Abar, a Nubian queen of the Kingdom of Kush dated to the Twenty-fifth Dynasty of Egypt, is known from a stela (Stela V) found in Kawa, Sudan, recording that she was dedicated as a sistrum player at the temple by her father, as well in a similar scene at Jebel Barkal where she appears behind her son Taharqa and from a stela from Tanis, Egypt. Another appearance by Abar is at the Amun Temple at Sanam, Sudan.

Abar was the mother of King Taharqa and married to the King Piye. She was a niece of King Alara of Nubia (the daughter of his sister). She was separated from her son, Taharqa, for a long period of time and when they were reunited there was much rejoicing as he had become Pharaoh in her absence. This may have been a deliberate reference to the separation of the Egyptian god Isis and her son Horus, who reunited under similar circumstances.

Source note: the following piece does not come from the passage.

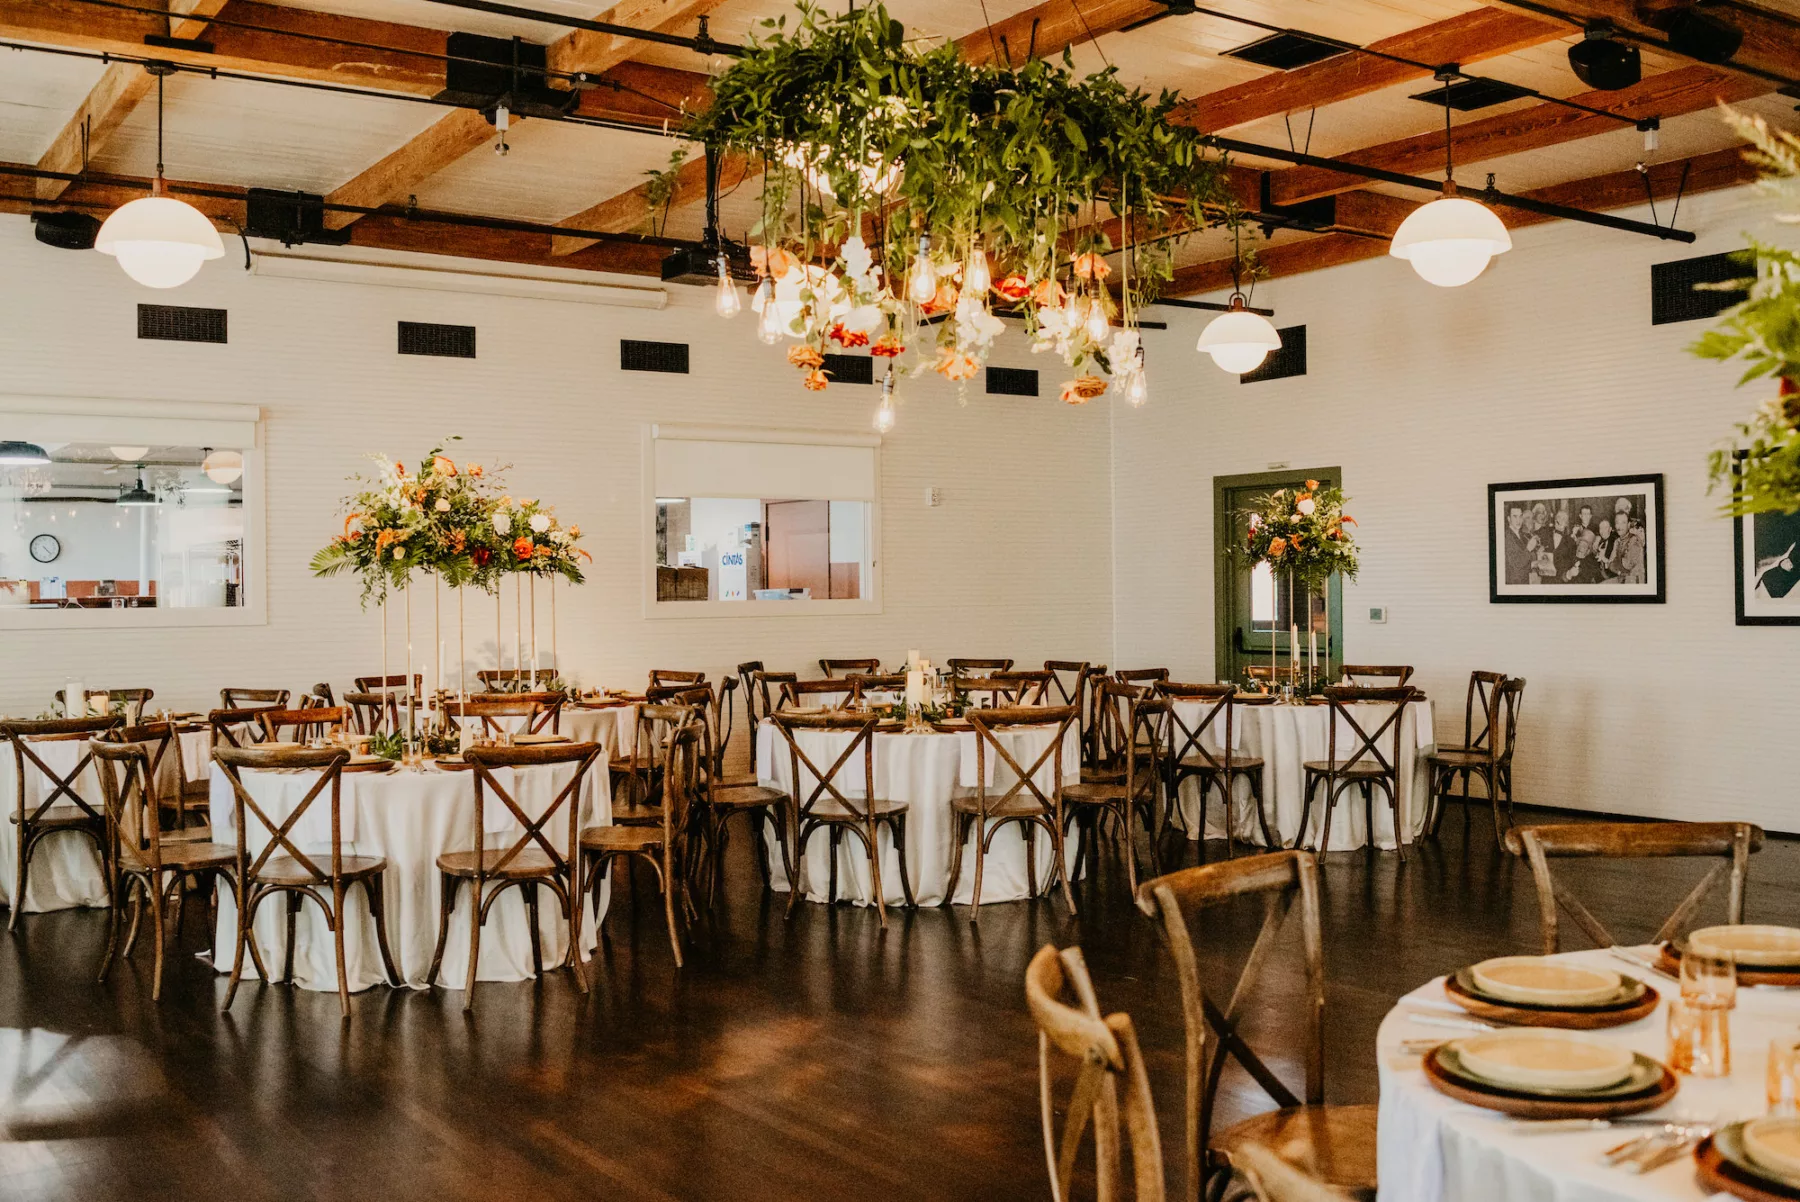 Boho Industrial Wedding Reception Decor Inspiration | Gold Flower Stands with White Roses, Terracotta Amaranthus, and Greenery | Orange and White Rose Flower Chandelier Inspiration | Wooden Crossback Chairs | Tampa Bay Furniture Kate Ryan Event Rentals | Ybor Planner B Eventful | Historic Industrial Venue J.C. Newman Cigar Co.

An alternative theory is that the separation of mother and son was a tradition in the Kushite culture.

She held several titles: King's Mother (mwt niswt), King's Sister (snt niswt), Mistress of the foreign lands (nbt kh3swt), Lady of Upper and Lower Egypt (hnwt Sma'w mhw), Great Lady of the Two Lands (wrt nbt t3wy), Noble Lady (iryt p't), Great of Praises (wrt hzwt), and Sweet of Love (bnrt mrwt). Records of Abar represent the earliest recording of the power of Queens in the Kingdom of Kush. Reisner proposed that Abar may be buried in Nuri in tomb 35.